Chapter 5 Graph Clustering

The final step in a standard single-cell analysis pipeline is applying a graph-based clustering method. Choosing a community detection algorithm has a significant impact on the partitioning results. We assess the stability and reproducibility of results obtained using various graph clustering methods available in the Seurat package: Louvain, Louvain refined, SLM and Leiden.

As before, the stability of the methods is evaluated using the Element-Centric Consistency (ECC), which is applied on the partition list obtained over multiple runs.

The initial plot can be visualised in two ways; clustering consistency with increasing number of clusters, or consistency as the resolution parameter increases. Increasing the resolution leads to more clusters; in addition, we note consistently high stability for all four algorithms.

Boxplots showing the distribution of the resolution-wise stability for different clustering algorithms

Figure 5.1: Boxplots showing the distribution of the resolution-wise stability for different clustering algorithms

5.1 Overall Stability

These two plots represent a summary of the previous two plots, summarised per clustering algorithm. Similarly to the first stability summaries, we extract the medians from each resolution value and we get the distribution that we plot on the overall stabilibty.
Boxplots showing the combination previous two plots, summarised per clustering algorithm.

Figure 5.2: Boxplots showing the combination previous two plots, summarised per clustering algorithm.

5.2 Correspondence between the resolution value and the number of clusters

Here, we showcase the relationship between the number of clusters and the resolution value. This plot also provides information on suitable resolution values for predefined number of clusters. The colour gradient represents either the frequency of the partitions having k clusters or the ECC of them.
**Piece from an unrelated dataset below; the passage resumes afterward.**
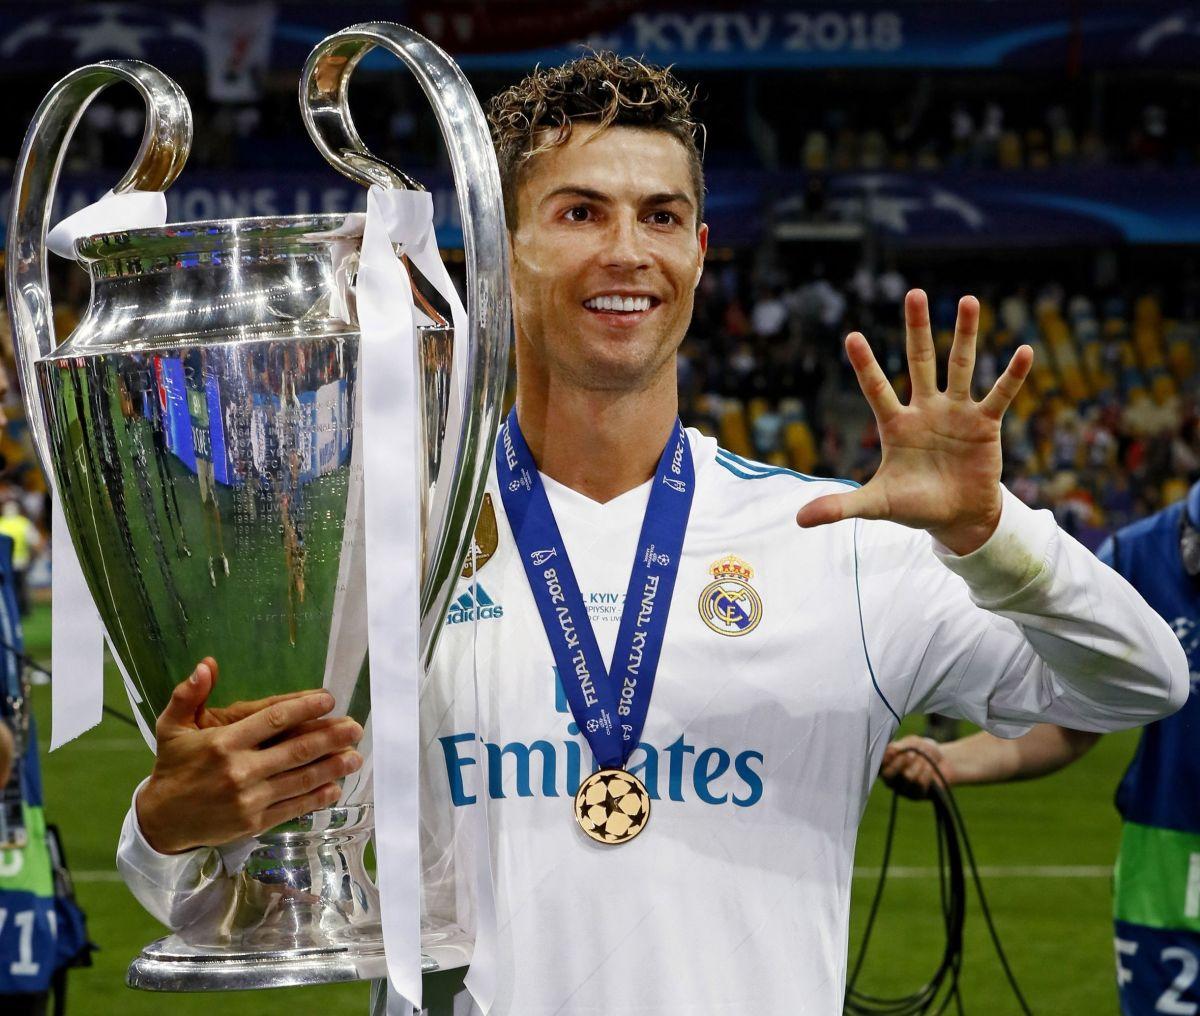 uefa-champions-league-real-madrid-v-liverpool-fc-5b28e7337134f60ab4000005.jpg

It can also be used as proxy to describe the co-variation between (k, resolution). Lighter (higher) values indicate that little variation is observed, on changes of the random seed, between the number of clusters and the resolution value. The size illustrates the frequency of the most common partition when the resolution and the number of clusters values are fixed.

Correspondence between the resolution value and the number of clusters.

Figure 5.3: Correspondence between the resolution value and the number of clusters.

5.3 The stability of the number of clusters

The following plot showcases the co-variation between the stability of the number of clusters and the number of different partitions resulting from changes on the seed or the resolution parameter. A high number of different partitions indicates a lower stability for a given number of clusters. The colour gradient is proportional to the frequency of most common partition having a fixed number of clusters or their ECC as an indicator of robustness. The size indicates the frequency of the partition having k clusters relative to the total number of runs and should provide additional information whether the behaviour described by the colour is replicated in multiple instances or not. We note that, even if we obtain a high number of different partitions, if the frequency of the most common one is close to 1, then the overall stability is high. Observing a high number of partitions, each with low frequency, indicates high instability.

Stability values for varying number of clusters

Figure 5.4: Stability values for varying number of clusters

5.4 Fixing a clustering method

Finally, at the end of this tab, you will have the opportunity to select a clustering method based on all of the results presented above; you should chose the method that shows greater consistency across evaluations. Once this has been selected, you are free to move to the configuration Comparison tab.

Options to fix a clustering method. You are also prompted to select a number of clusters that you consider stable and useful for comparison.

Figure 5.5: Options to fix a clustering method. You are also prompted to select a number of clusters that you consider stable and useful for comparison.